Worse still, perhaps someone has died for whom we had felt hatred and we should have made some gesture of reconciliation and we never did. Now it’s too late! Death has separated us, and some painful bitterness now lies irrevocably unresolved and we live with the guilt, wishing we had done something before it was too late.
But it’s not too late. It’s never too late if we take seriously the Christian doctrine of the communion of saints. To believe in the communion of saints is to believe that those who have died are still alive and are linked to us in such a way that we can continue to talk with them, that our relationship with them can continue to grow, and that the reconciliation that wasn’t possible before their deaths can now occur.
“Today you will be with me in paradise!” Jesus speaks those words to the good thief on the cross and they’re meant for every one of us who dies without yet fully being a saint and without having had the time and opportunity to make all the amends and speak all the apologies that we owe to others.
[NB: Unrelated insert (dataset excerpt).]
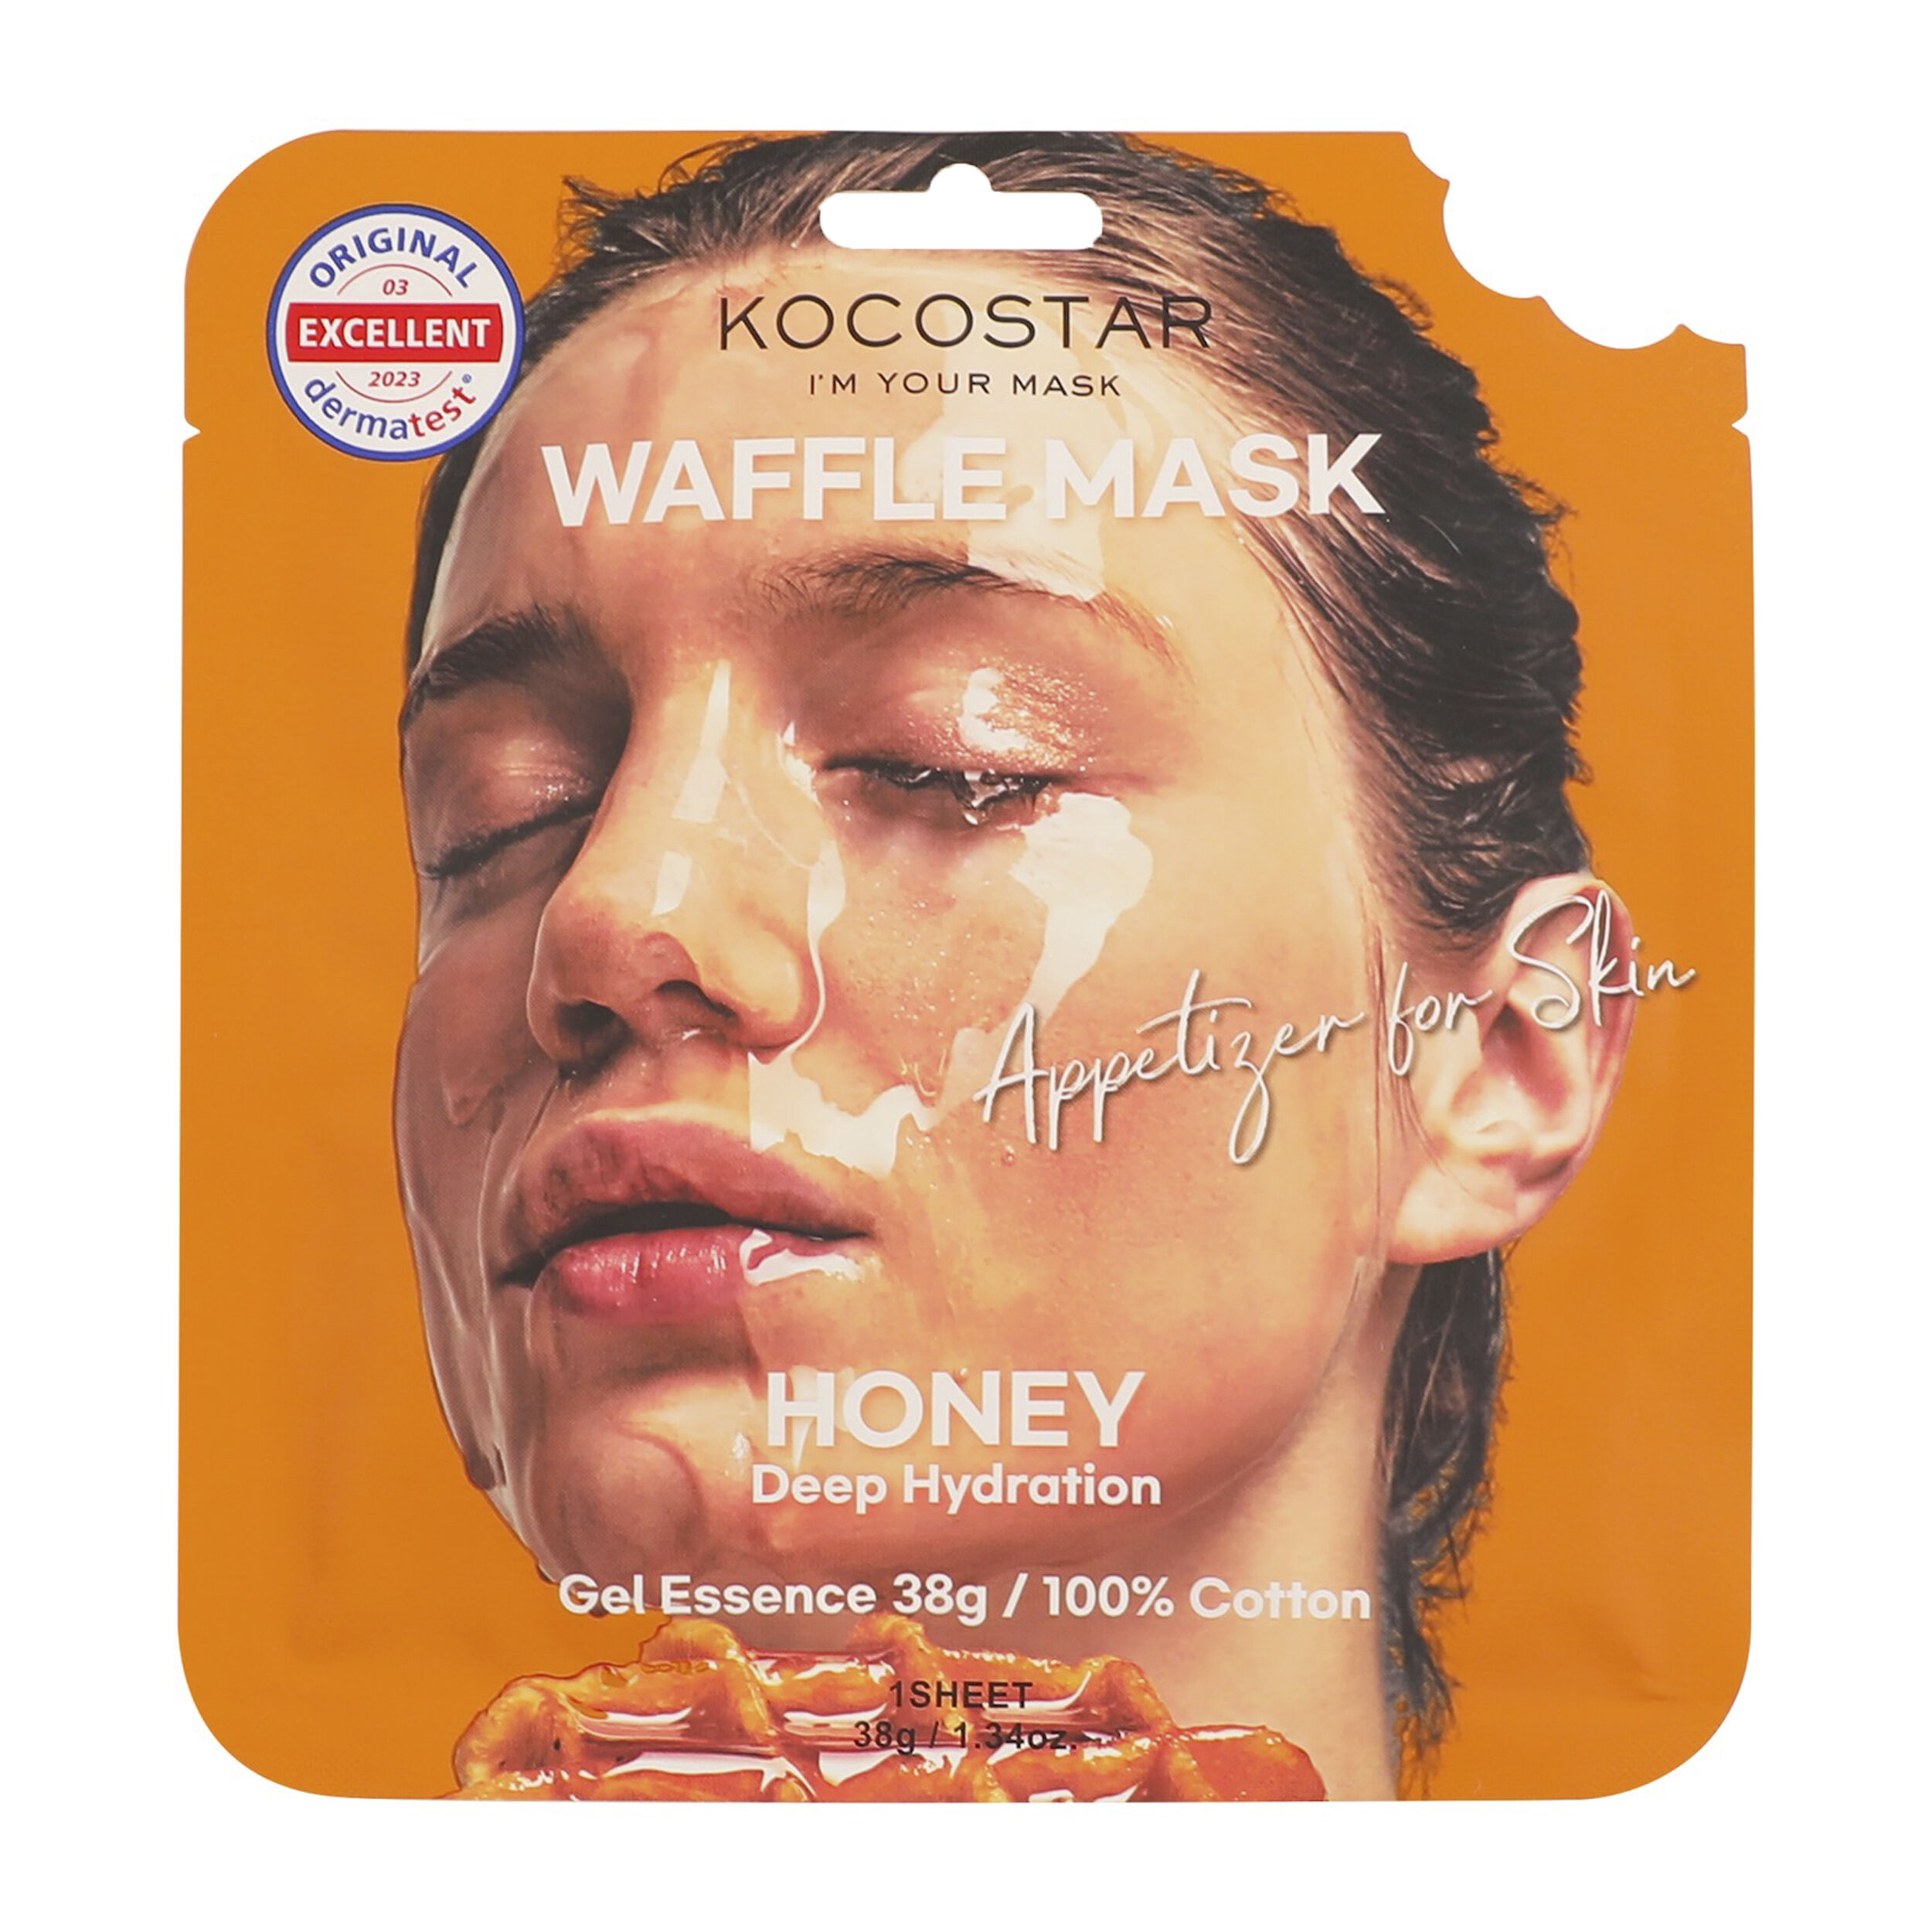 Медовая маска для лица Kocostar Waffle Mask, 38 гр уход за лицом celderma маска для лица гидрогелевая с экстрактом меда питательная

There is still time after death, on both sides, for reconciliation and healing to happen because inside the communion of saints we have privileged access to each other and there we can finally speak all of those words that we couldn’t speak before. We can reach across death’s divide.
It can be a great consolation to die a happy death, snug and reconciled in the arms of love, with no unfinished business. But, happily, there’s time still after death for this to happen for those of us who aren’t so lucky and who end up dying with some bitterness, anger, wound, and frustration still gnawing away.